Task description – Retype every record exactly. Leave the pictures out.

Material provided –
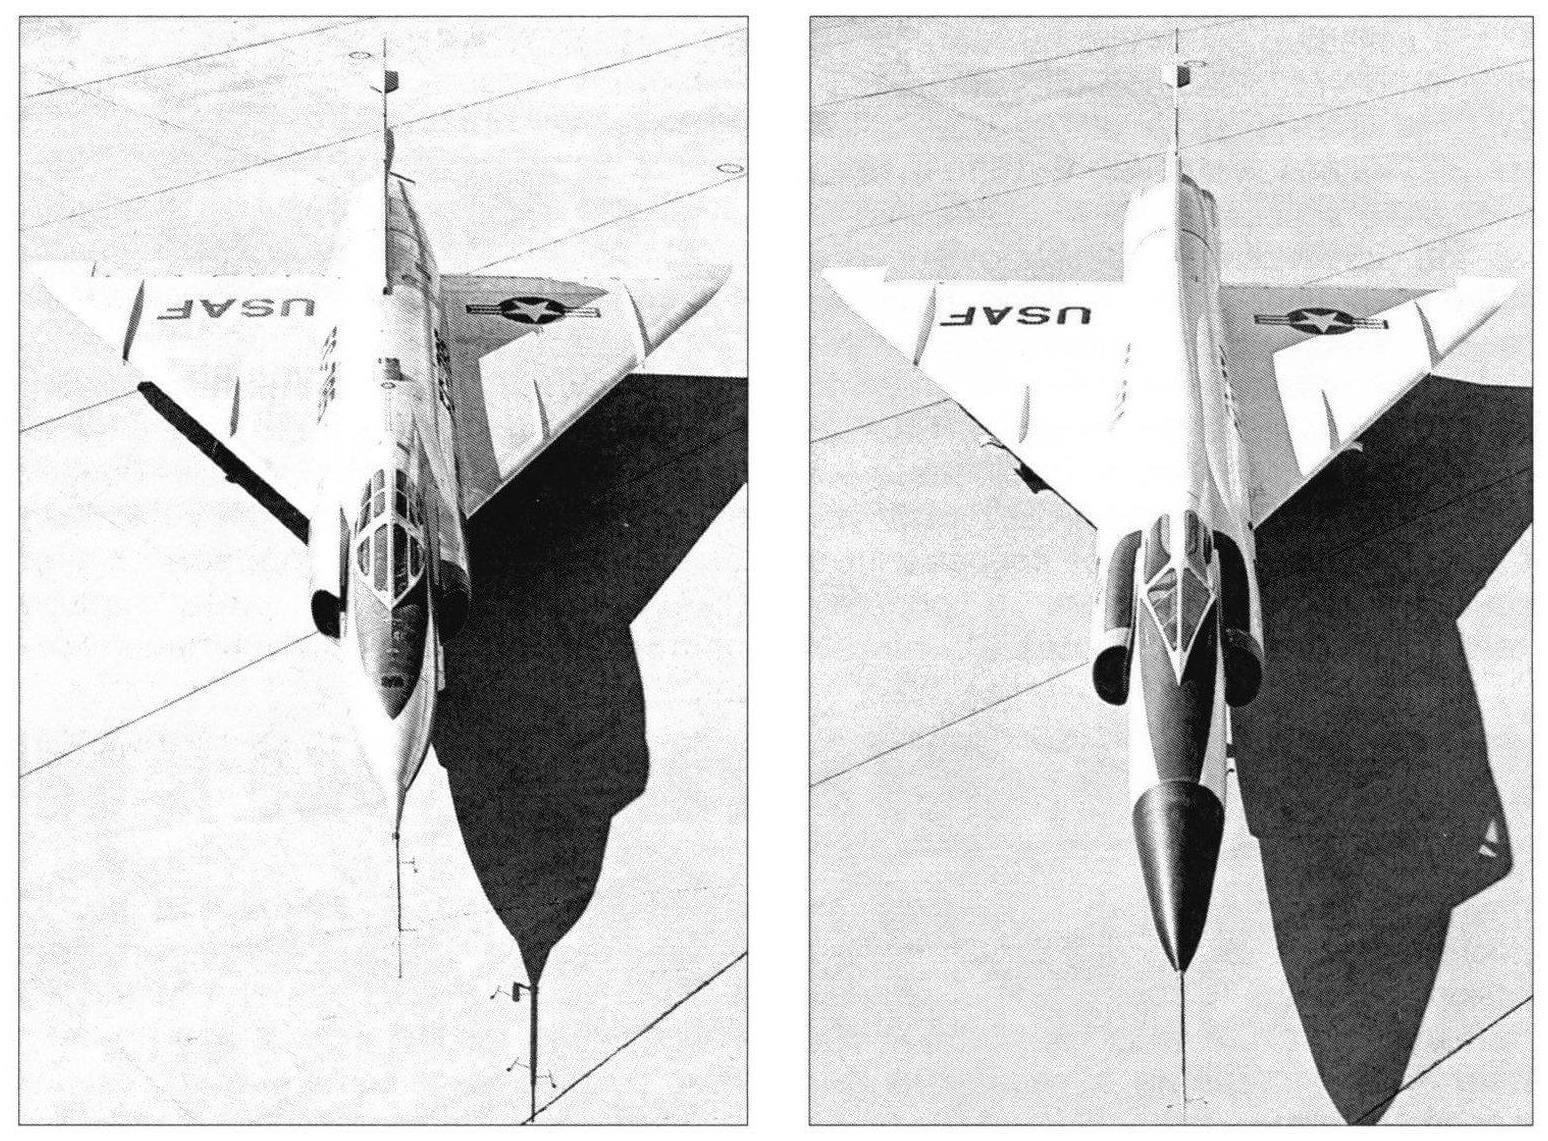 Слева - исходный YF-102, справа - кардинально переделанный в соответствии с правилом площадей самолет YF-102А. В районе крыла удлиненный фюзеляж получил «осиную талию», также удлинены воздуховоды, а кабина сужена
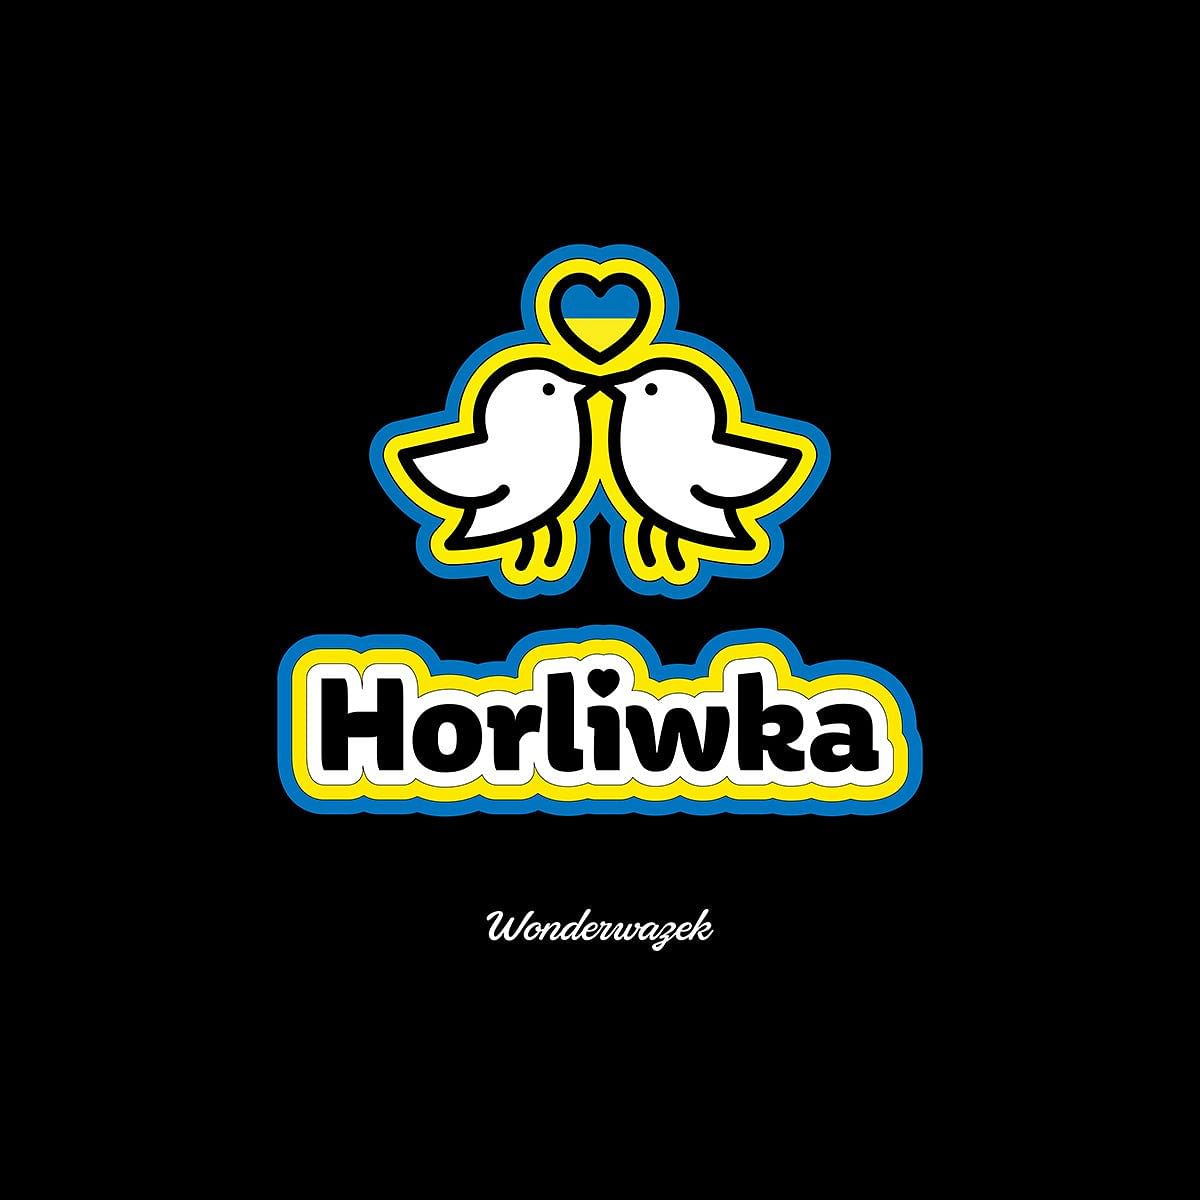 Einkaufstasche • Edition Friedenswazek – Horliwka - Wonderwazek
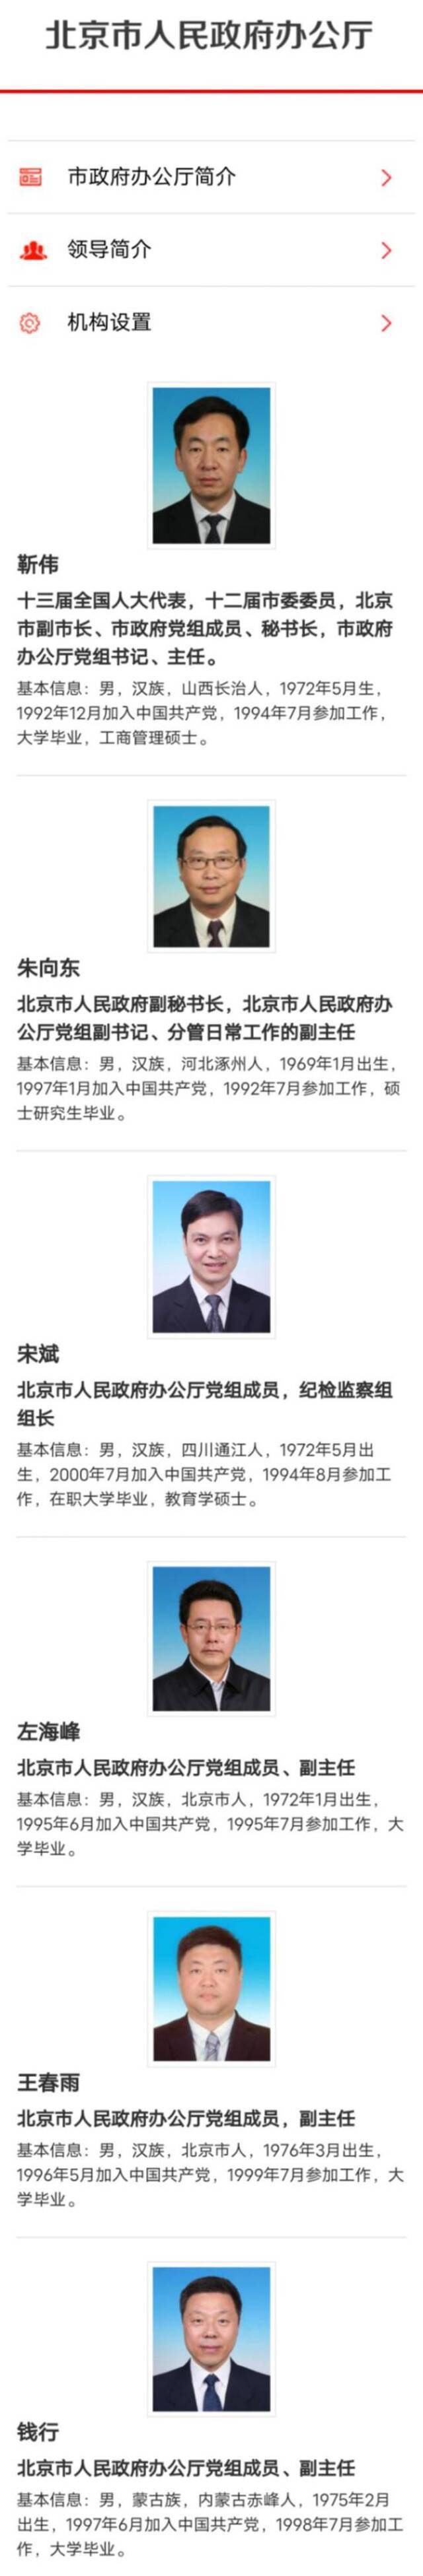 王芳不再担任北京市人民政府副秘书长
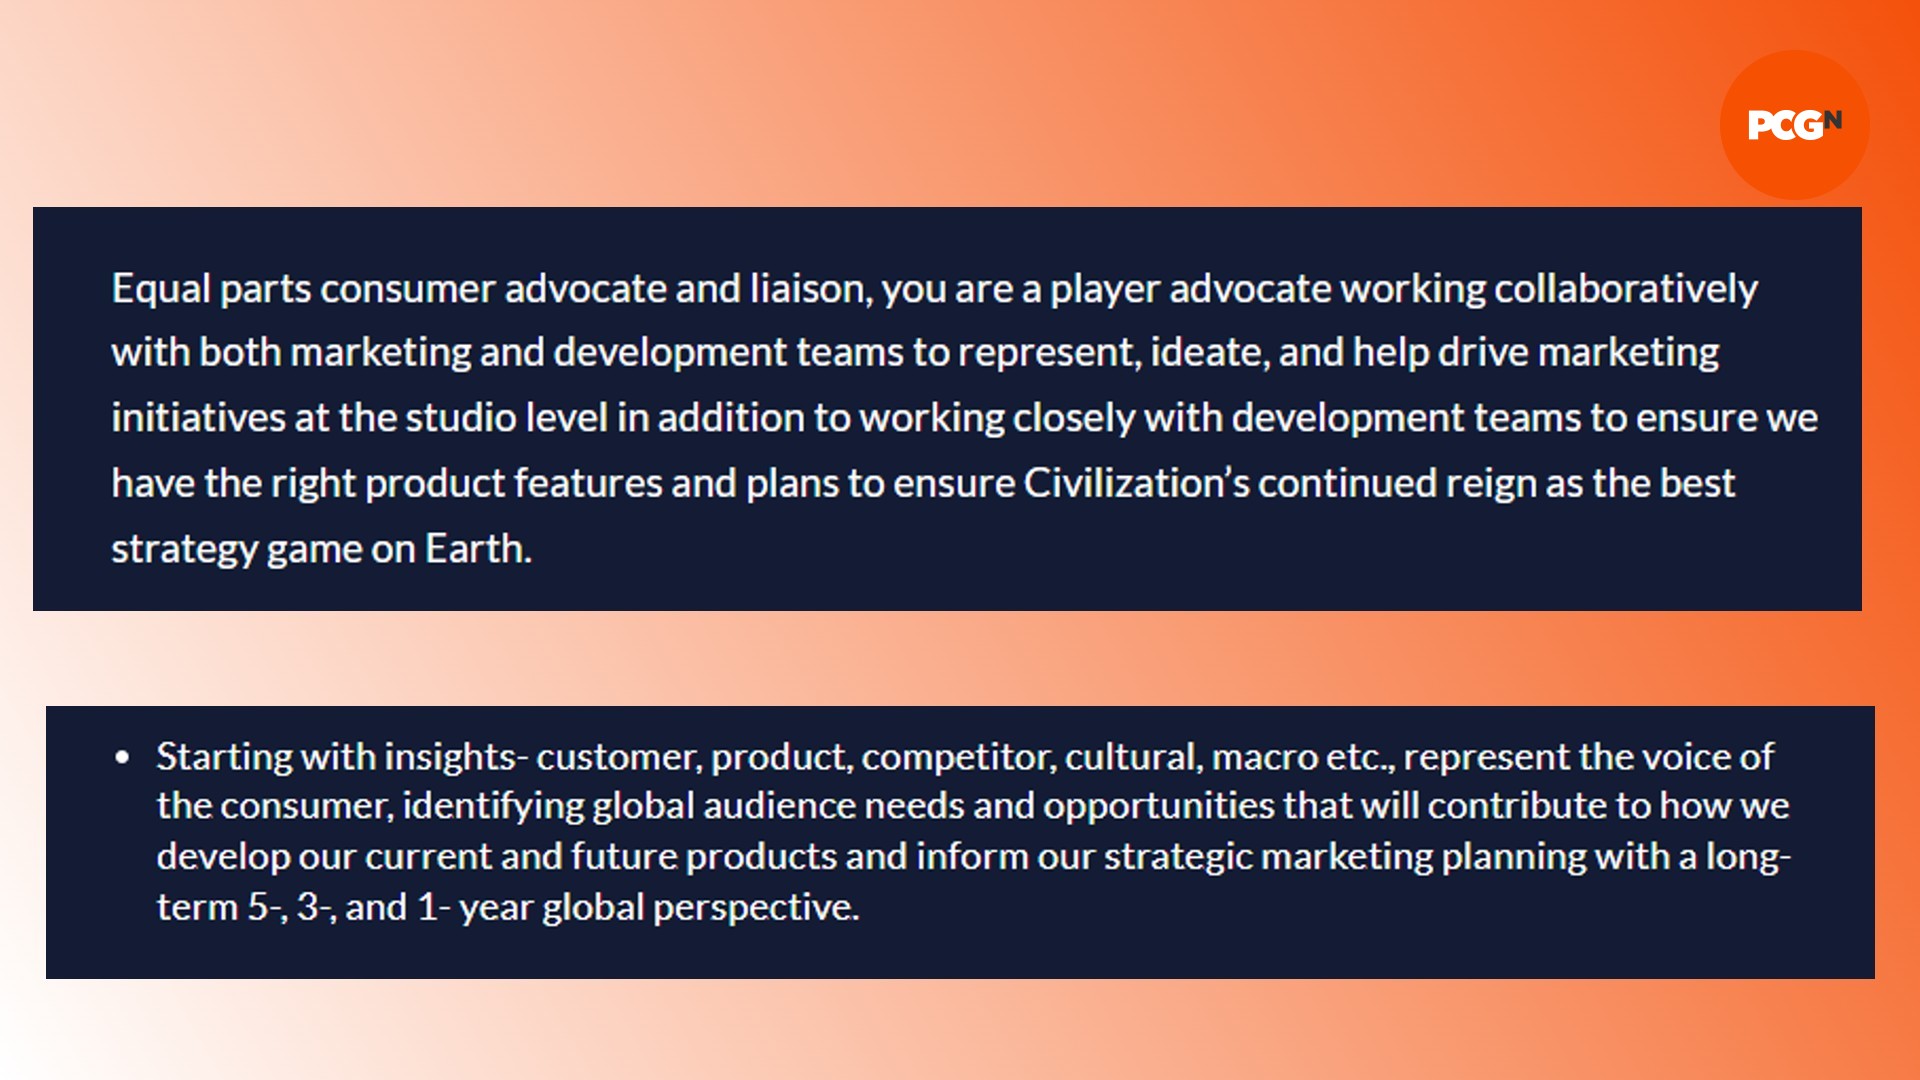 Detalles de Civilization 7 Firaxis: una lista de Firaxis sobre el juego de estrategia Civilization
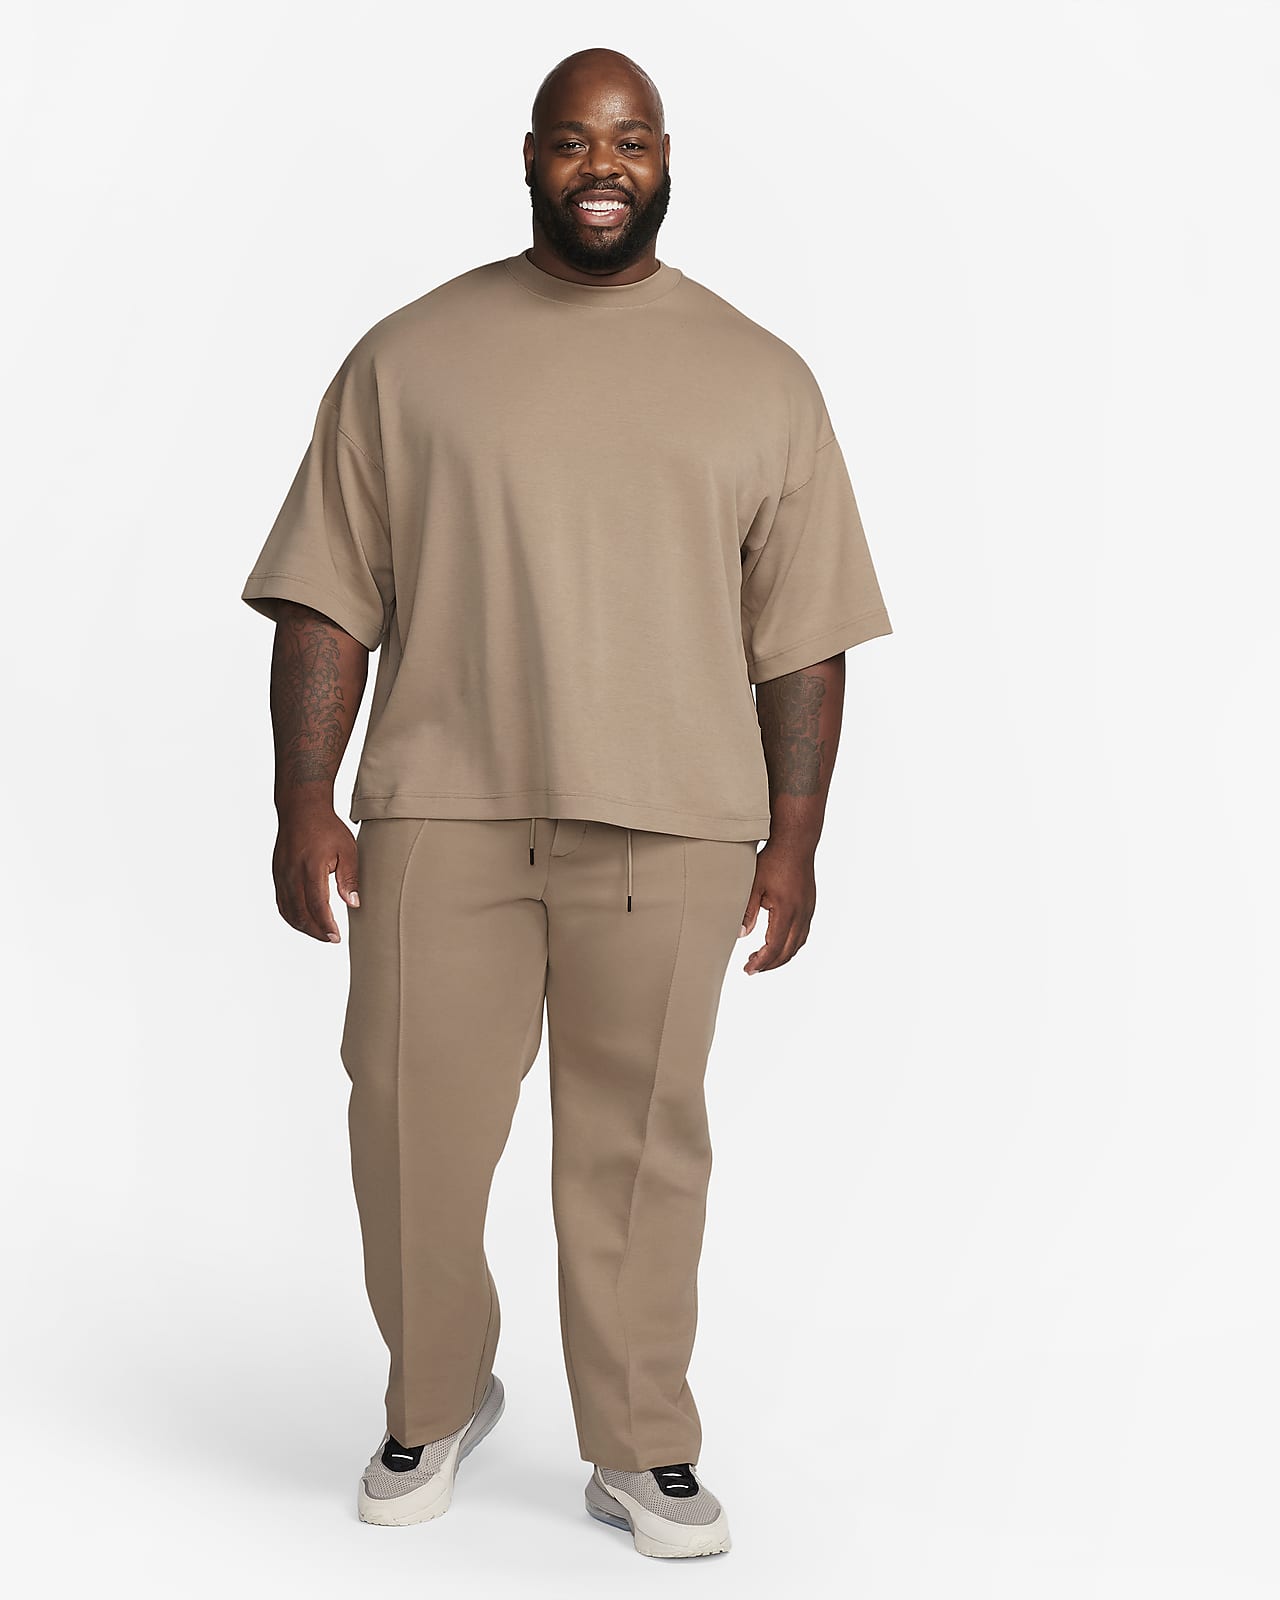 Nike Sportswear Tech Fleece Joggers Mineral Teal/Black Men's - FW22 - US

Exercise result –
 Слева - исходный YF-102, справа - кардинально переделанный в соответствии с правилом площадей самолет YF-102А. В районе крыла удлиненный фюзеляж получил «осиную талию», также удлинены воздуховоды, а кабина сужена
 Einkaufstasche • Edition Friedenswazek – Horliwka - Wonderwazek
 王芳不再担任北京市人民政府副秘书长
 Detalles de Civilization 7 Firaxis: una lista de Firaxis sobre el juego de estrategia Civilization
 Nike Sportswear Tech Fleece Joggers Mineral Teal/Black Men's - FW22 - US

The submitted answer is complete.